ポインタ *ptr2[4]:ポインタ変数の配列 
配列ポインタのサイズ: sizeof(ptr2) = 16 
要素ポインタのサイズ: sizeof(ptr2[0]) = 4 
要素ポインタが指しているサイズ: sizeof(*ptr2[0]) = 4   
 11 12 13 14 15 
 21 22 23 24 25 
 31 32 33 34 35 
 41 42 43 44 45 
繰り返しになりますが、それぞれのポインタのサイズ(メモリ領域の大きさ)と、ポイン タが指しているサイズ(データのサイズ)の違いに注意しましょう。 【演習問題 2.6】上のプログラムを、double型のデータ型に書き換えなさい。  ポインタのサイズはいくらになるか考え、実行結果を確かめなさい。 【演習問題 2.7】上のプログラムで、配列へのポインタ ptr1を次のように初期化すると  エラーになります。理由を考えなさい。 int (*ptr1)[COL] = &mat[0][0]; // 先頭要素のアドレスで初期化

2.5.4 補足:2次元配列を(int *)型のポインタで指す  整数型の2次元配列は、メモリ内でリニアに並んでいるわけですから、これを1次元配 列と見なして(int *)型のポインタで指すこともできるはずです。

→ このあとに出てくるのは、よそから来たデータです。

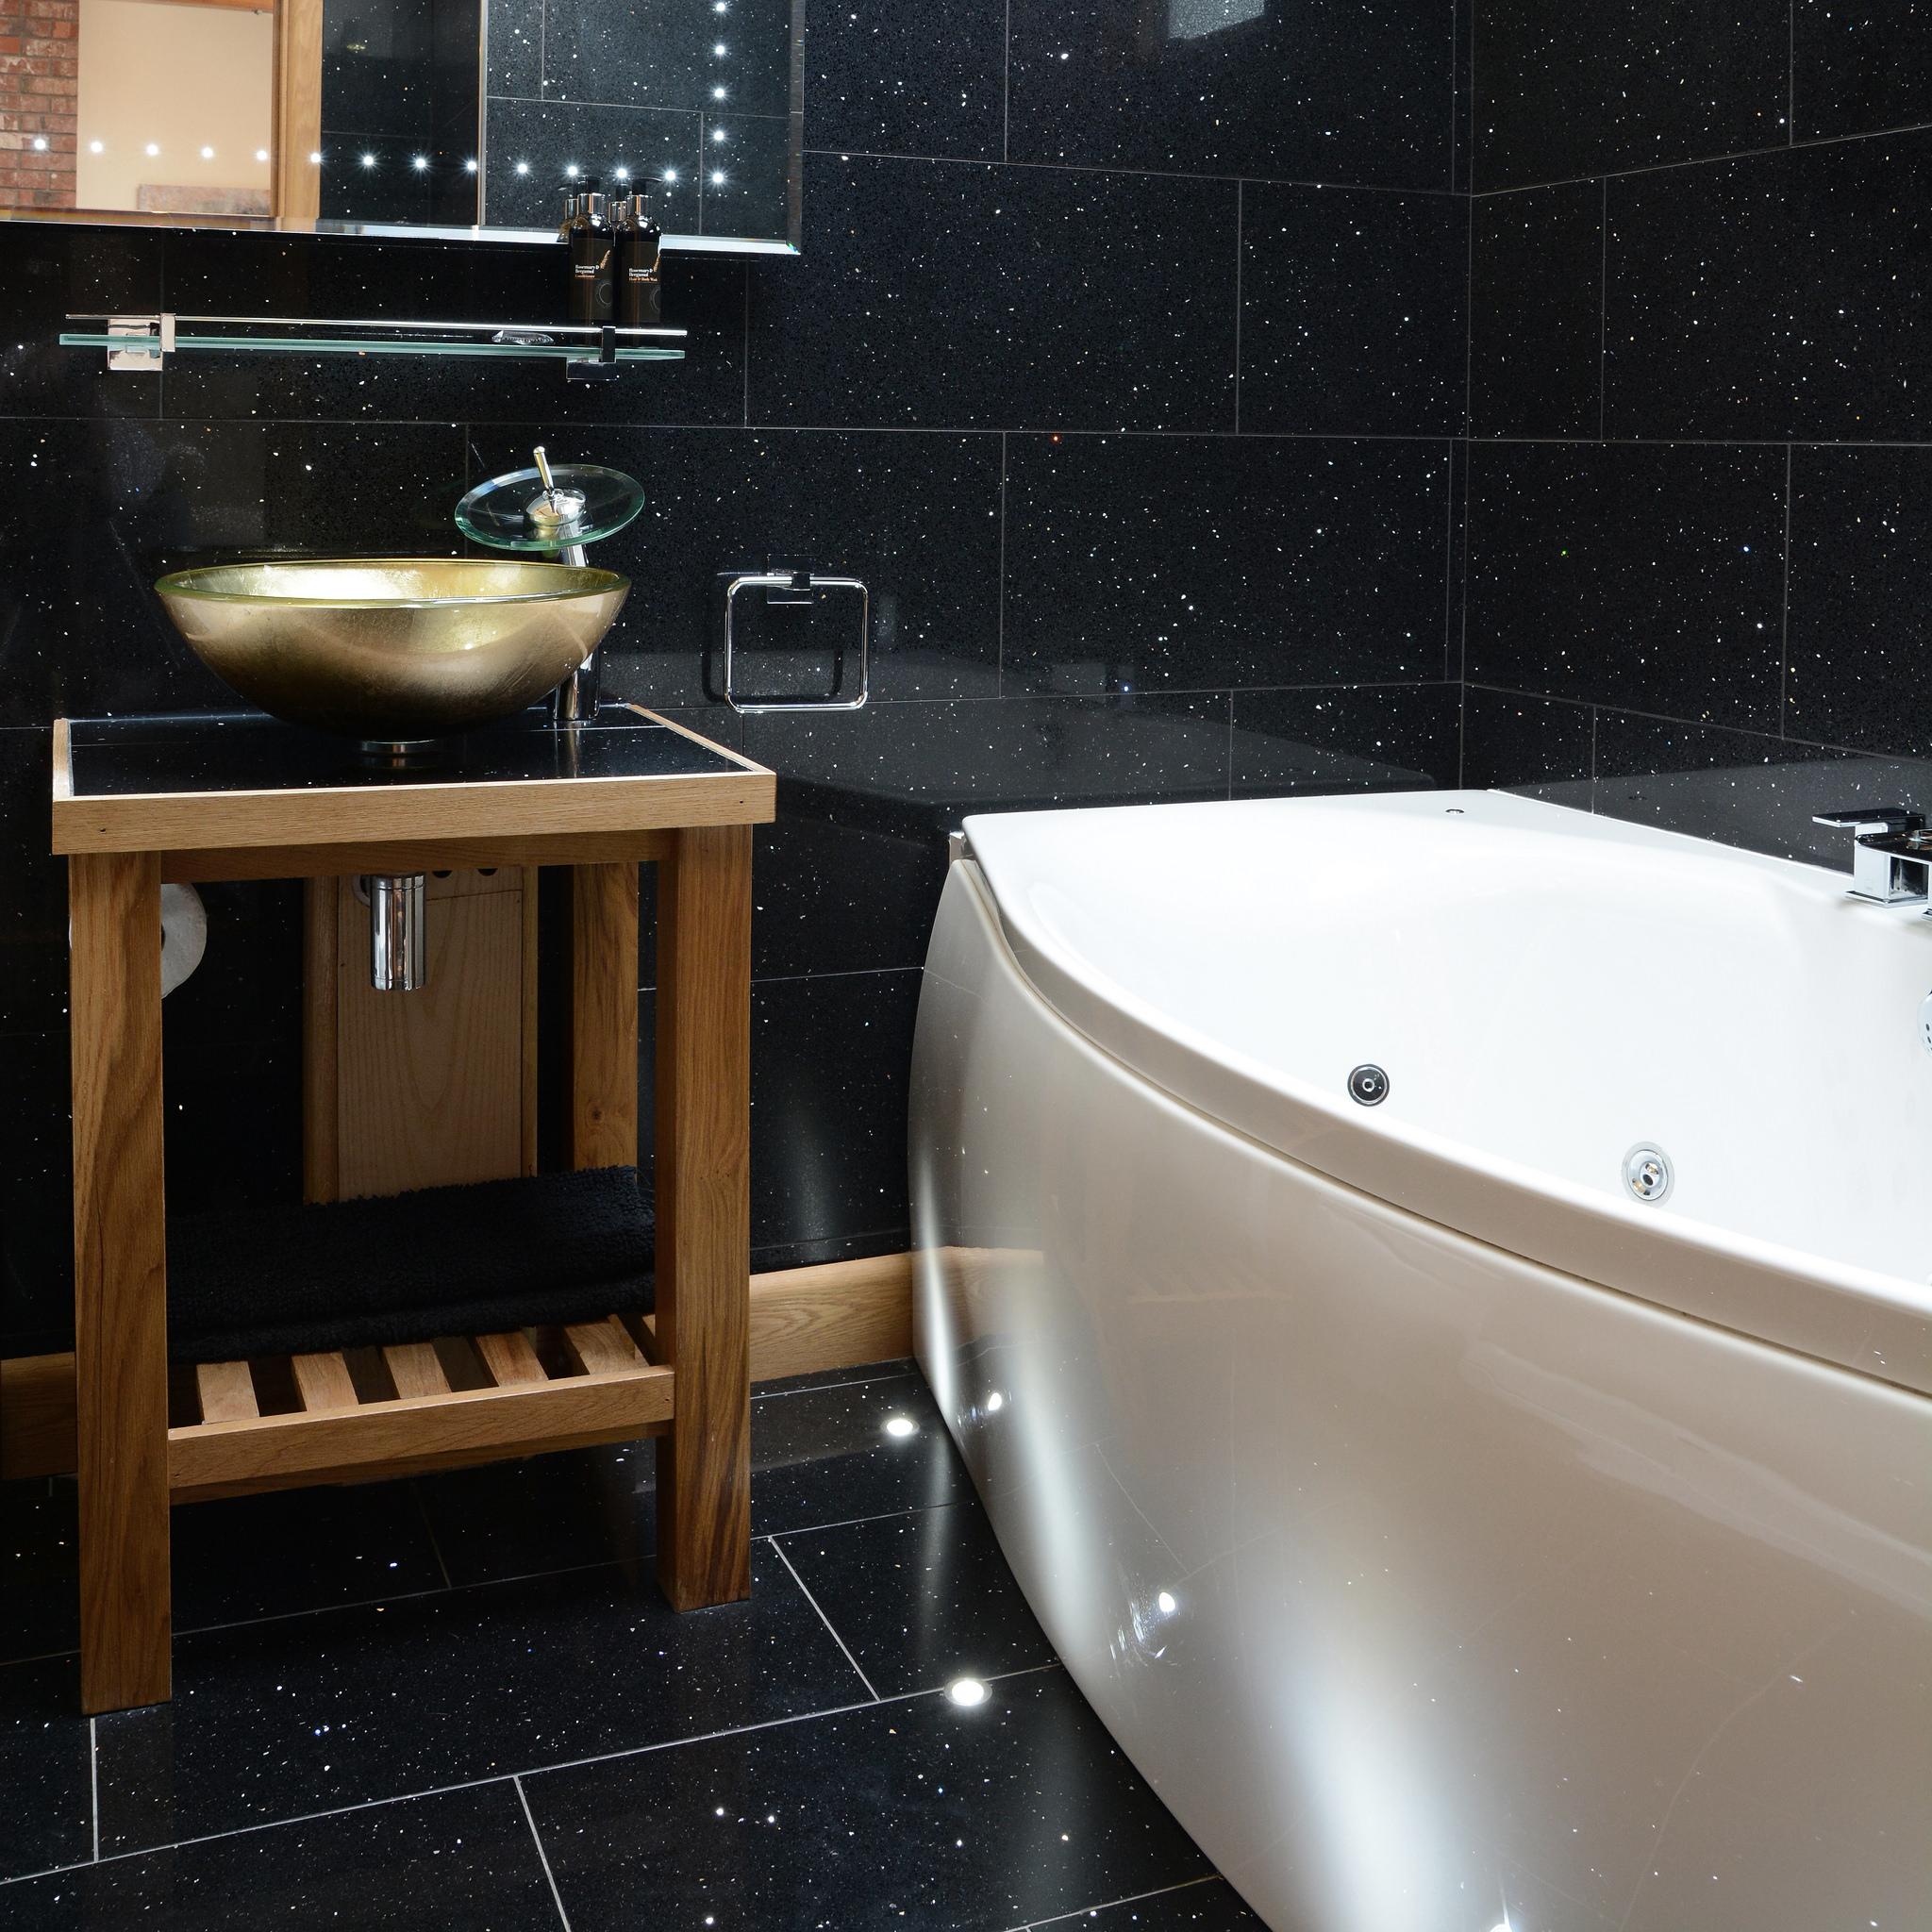 Spa bath and feature sink in the en-suite bathroom of Milky Way

次のプログラムを見て ください。
// lst02_06.cpp
//4×5行列を2元配列で表す
// (int *)型のポインタを使う

#include <iostream.h>

int main()
{
    const int ROW = 4; //行の次元
    const int COL = 5; //列の次元

    int mat[][COL] = { {11,12,13,14,15},
                        {21,22,23,24,25},
                        {31,32,33,34,35},
                        {41,42,43,44,45} };


    int *ptr;
    ptr = &mat[0][0];  //先頭要素のアドレスで初期化

    for(int i = 0; i < ROW; i++){
        for(int j = 0; j < COL; j++)
            cout << " " << ptr[ i * COL + j];
        cout << endl; //行の終わりに改行
    }

    return 0;
}

ソースファイル lst02_06.cpp
[実行結果]
 11 12 13 14 15                   
 21 22 23 24 25                   
 31 32 33 34 35                   
 41 42 43 44 45
ポインタは整数型へのポインタで、行の区切りに関する情報を持ちません。そのために 各要素を参照するためには、 ptr[ i * COL + j ] または、*( ptr + i * COL + j ) と、行と列の位置を計算して与える必要があります。あまり賢い方法ではありません。